## Material provided
━━━━━━━━━━━━━━━━━━━━━━━━━━━━━━

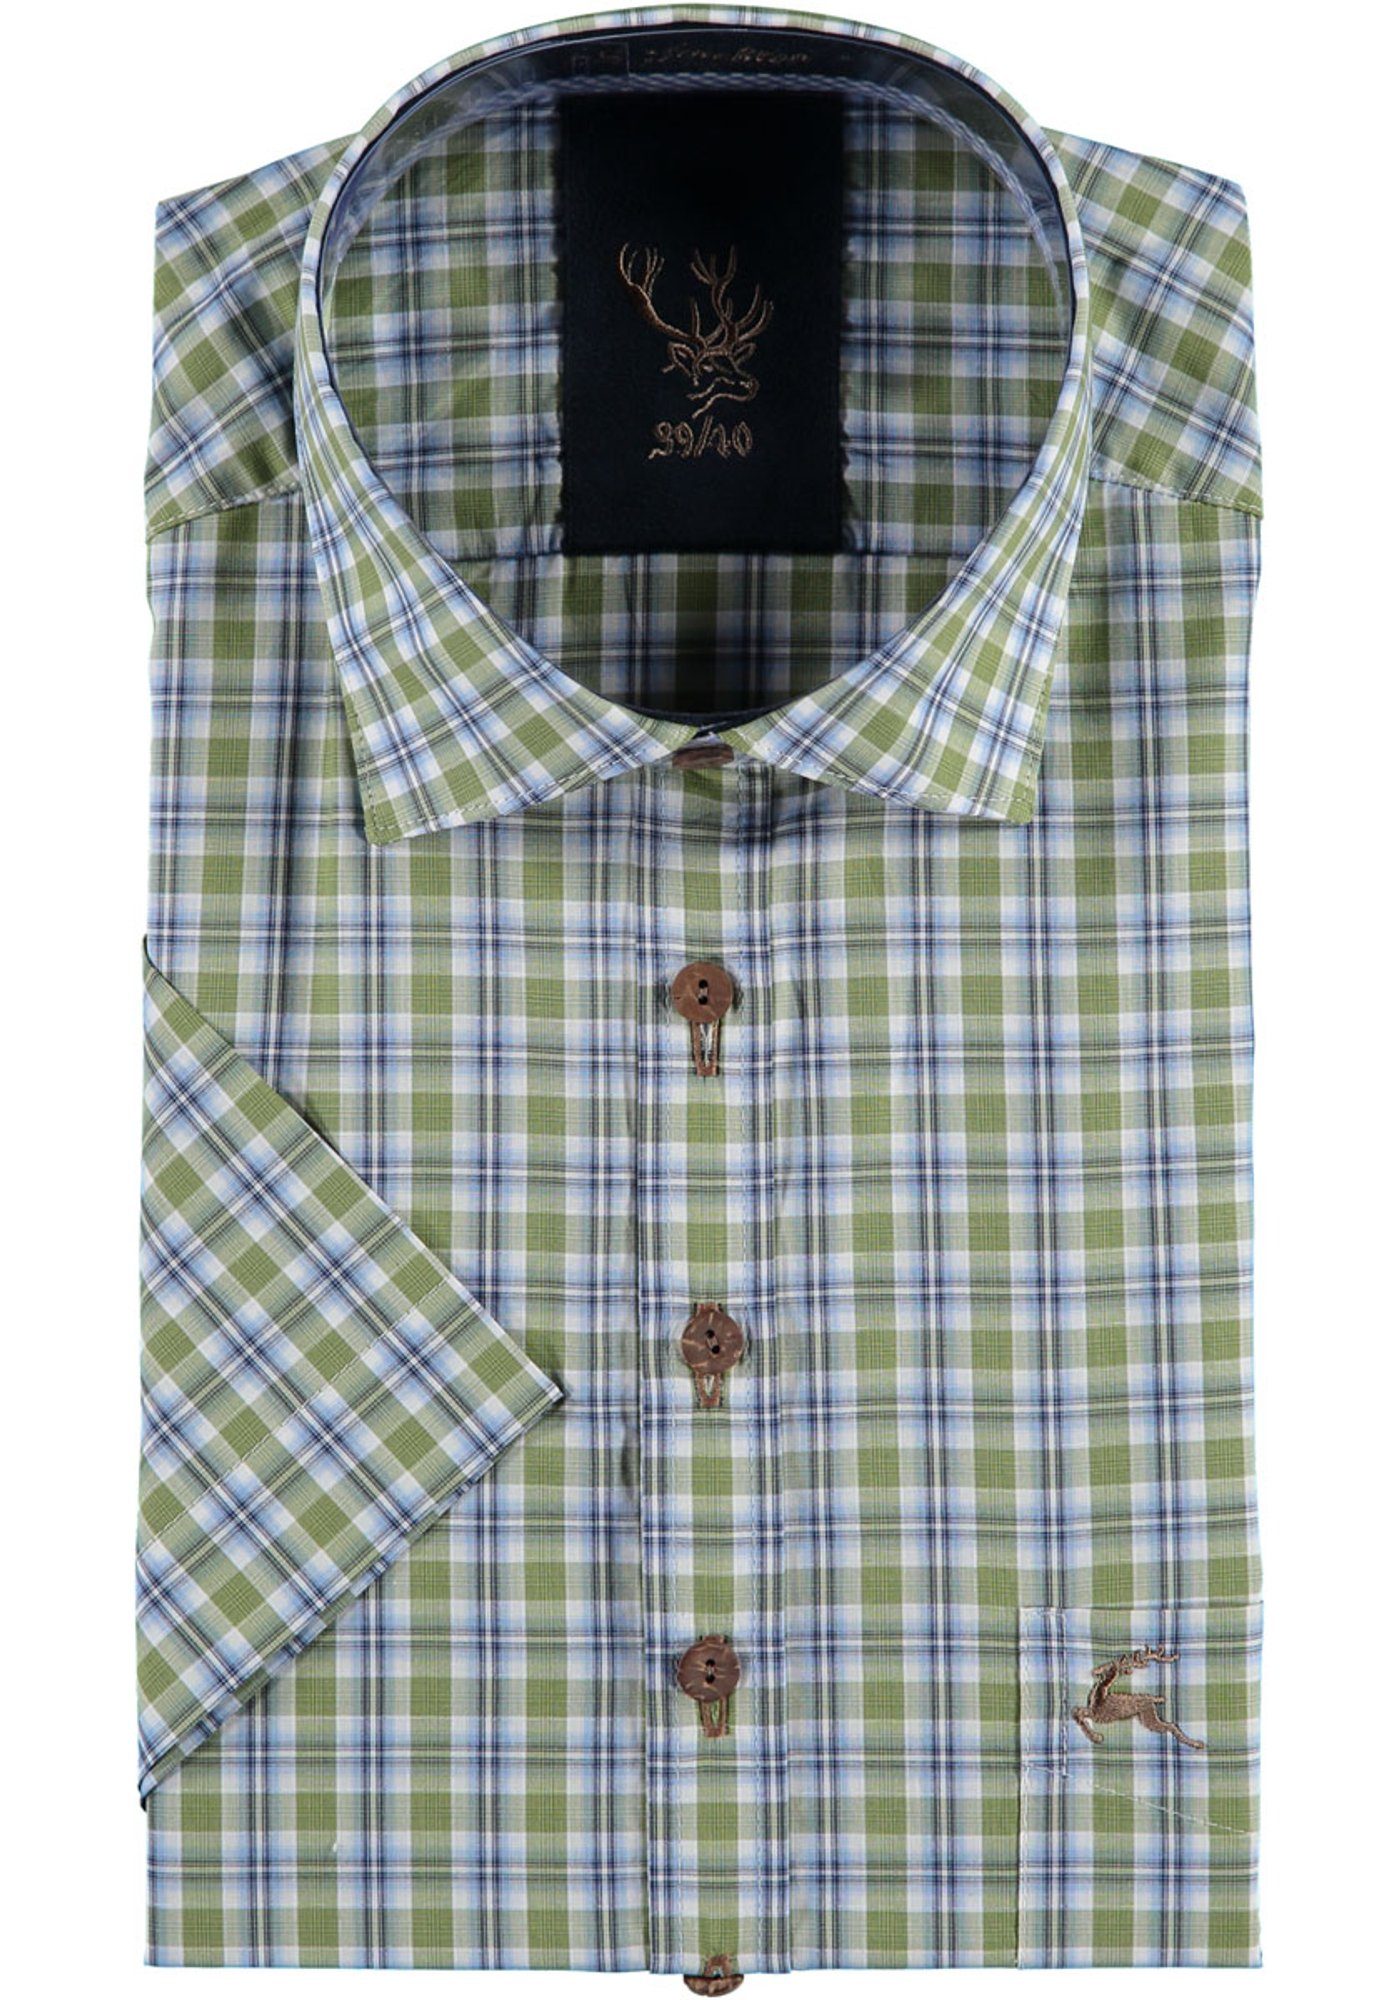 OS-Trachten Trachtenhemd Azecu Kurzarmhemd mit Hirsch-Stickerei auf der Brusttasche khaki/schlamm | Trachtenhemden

━━━━━━━━━━━━━━━━━━━━━━━━━━━━━━

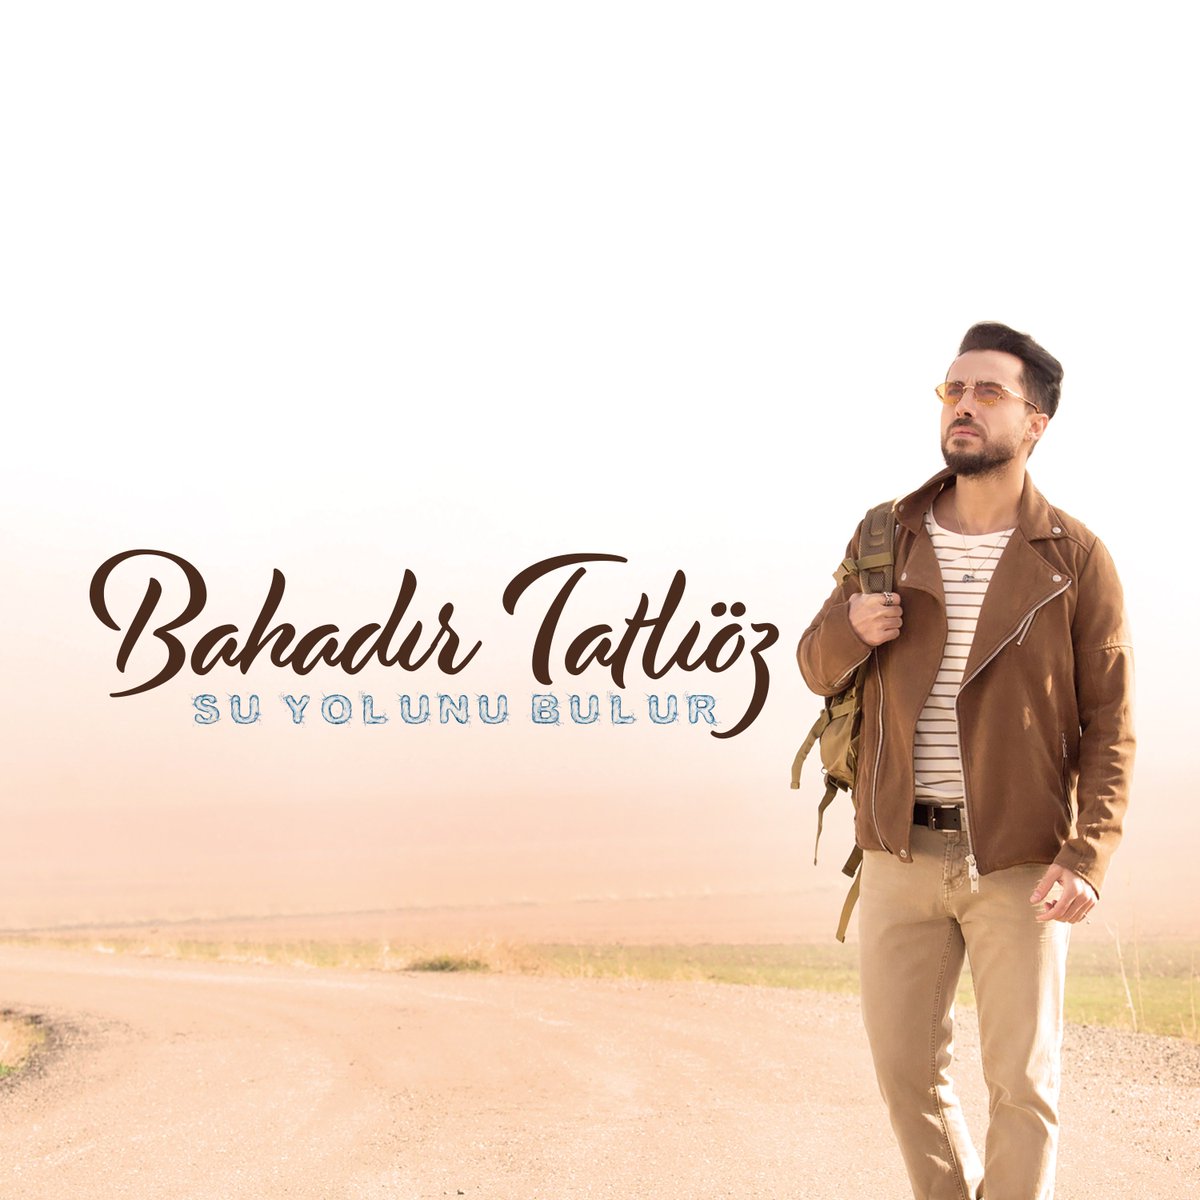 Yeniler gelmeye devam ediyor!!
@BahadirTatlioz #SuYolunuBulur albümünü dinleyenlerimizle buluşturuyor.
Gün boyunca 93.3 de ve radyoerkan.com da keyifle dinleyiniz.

━━━━━━━━━━━━━━━━━━━━━━━━━━━━━━

## Task directions
Write out, word for word, the stretch of entries that begins at the line with "Yeniler gelmeye devam ediyor!!" and ends at the line with "Gün boyunca 93.3". Pictures do not belong in it.

## Task answer
 Yeniler gelmeye devam ediyor!!
@BahadirTatlioz #SuYolunuBulur albümünü dinleyenlerimizle buluşturuyor.
Gün boyunca 93.3 de ve radyoerkan.com da keyifle dinleyiniz.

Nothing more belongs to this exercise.